Die daraus resultierende Monochromisierung zu Deutsch: der Einheitsbrei ist für die Musiklandschaft
insgesamt natürlich von großem Nachteil. Zu Recht wird gemutmaßt, dass sich die Plattenfirmen
durch das immerwährende Aufwärmen des alten Repertoires möglicherweise auf Dauer ihr eigenes
Grab schaufeln.
Neue Impulse
Hier könnten nun selbst initiierte Aufnahmen und Eigenvertrieb der Tonträger auf Dauer neue Basis-Impulse
setzen, denn wenn sich unter Umständen schon der Lokal-Sender vor Ort nicht mehr um die lokale
Musikkultur kümmert, dann wird es Zeit für die Eigeninitiative. Dabei können zum Beispiel Musikvereine,
Kulturbünde oder Musikschulen als wichtige Initiatoren, Katalysatoren und Vertriebswege fungieren. Um zu
komponieren und zu musizieren, sollte man den Kopf frei haben. Frei von Anlehnungen an bereits erfolgreiche
Kompositionen, frei von Ausrichtung auf Zielgruppen, frei von Klassifizierung der Musik in Sparten oder Schubladen.
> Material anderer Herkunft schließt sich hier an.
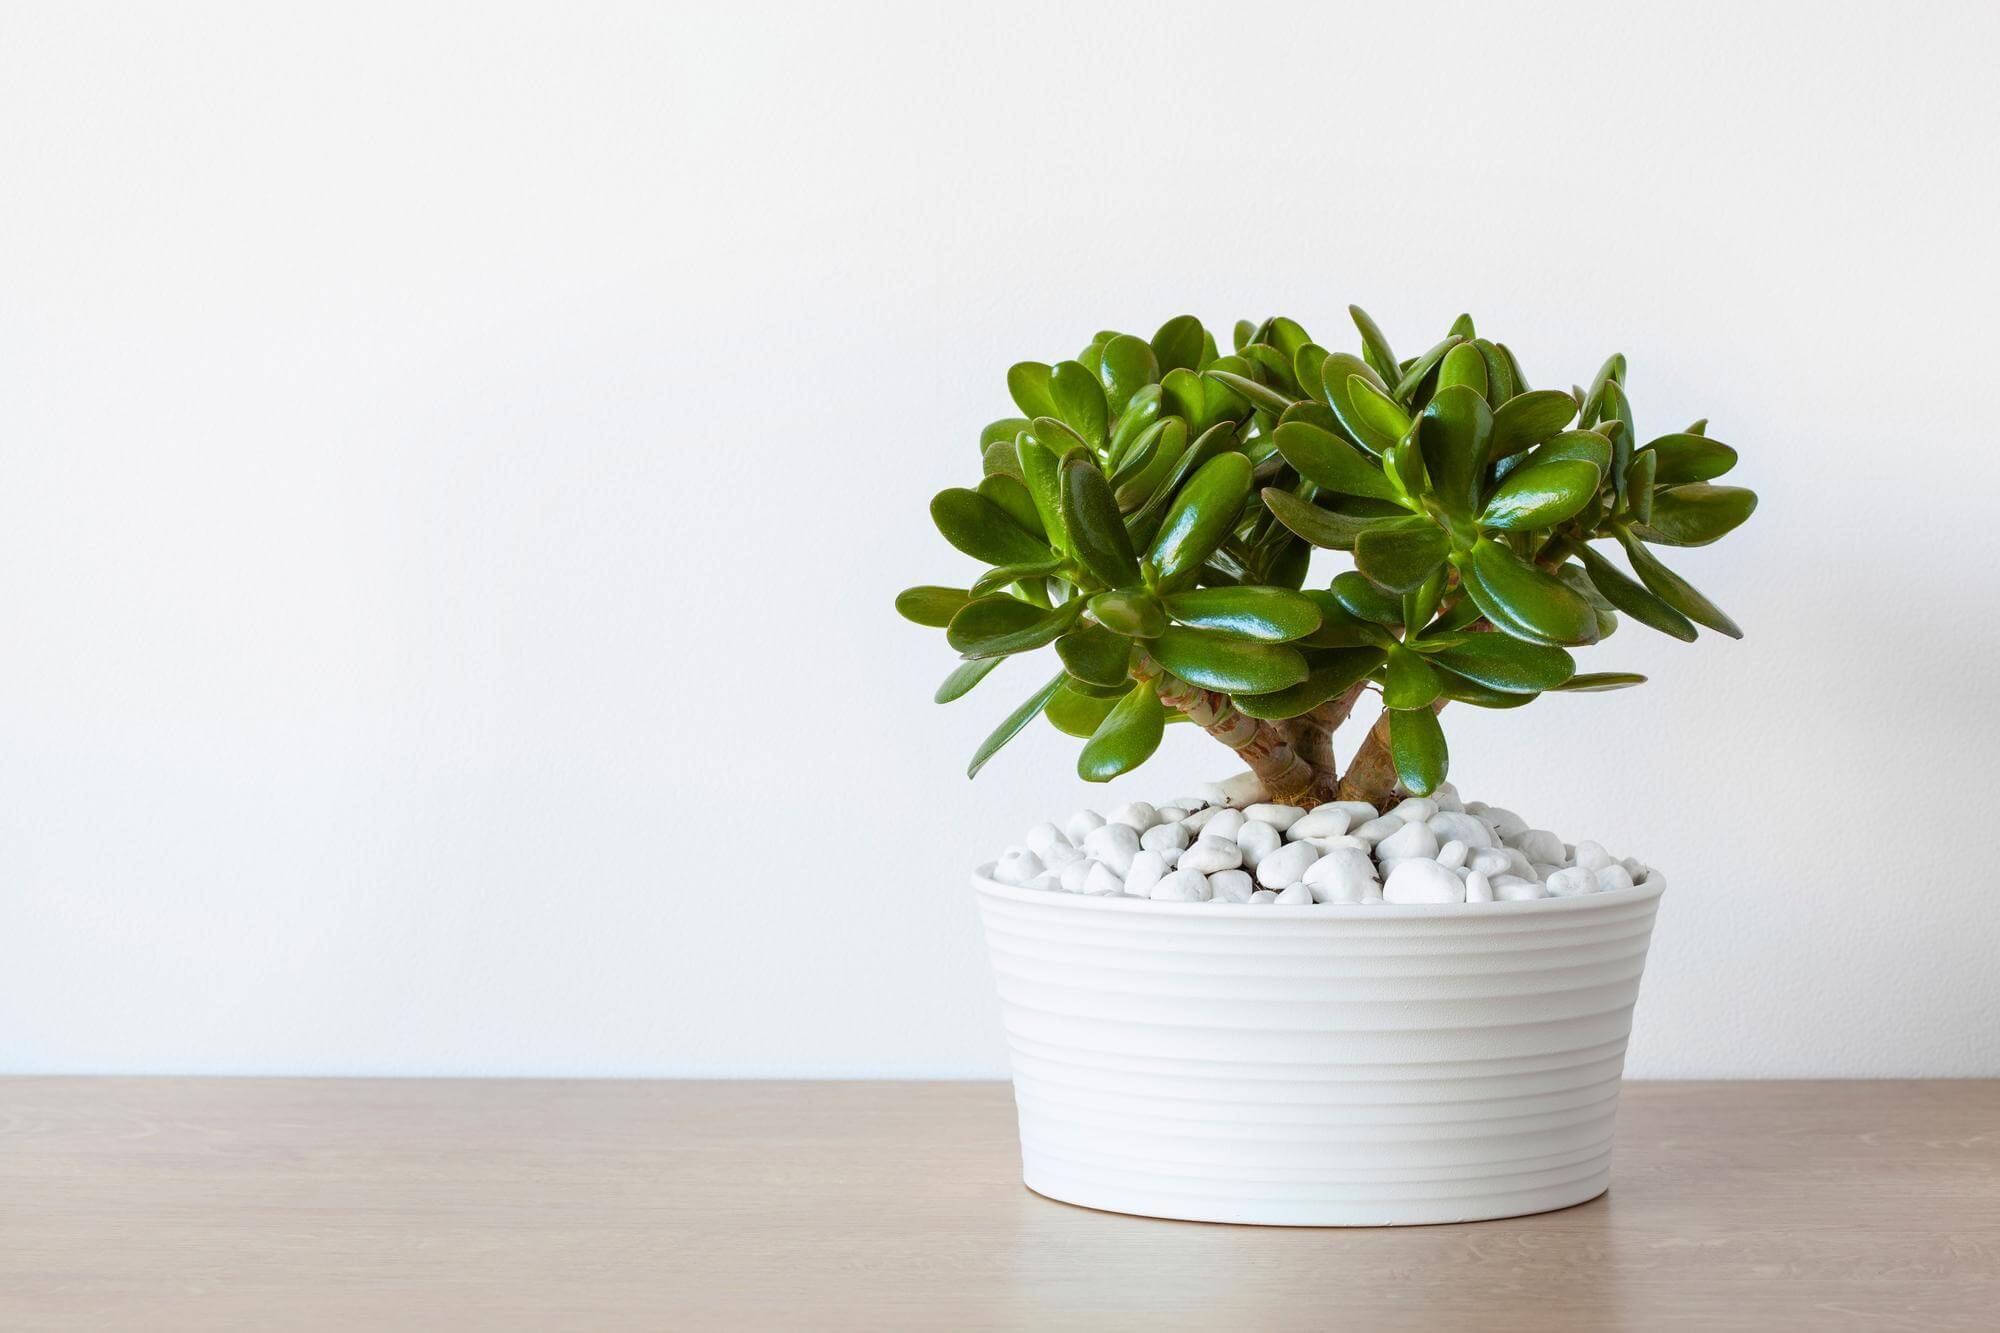 How to Care for a Jade Plant

Wenn es schon den etablierten, sprich erfolgreichen, finanziell unabhängigen Größen der Musikindustrie
nicht gelingt, individuelle und neue Musik zu produzieren, dann könnte es in der Zwischenzeit der inspirierte
Privat- , Hobby- , oder semiprofessionelle Musiker versuchen. Vielleicht greift zu der Zeit, da im Radio praktisch
nur mehr ein einziger Song läuft, die Plattenindustrie gerne auf dieses eigentlich unkommerzielle Material
zurück, um wieder ins Geschäft zu kommen. Für den Komponisten oder Musiker bleibt jedoch immer
eins das wichtigste: seine Aufnahmen anhören und genießen zu können im Hinblick auf die Archivierung
des Moments und die Dokumentation seiner eigenen musikalischen Entwicklung.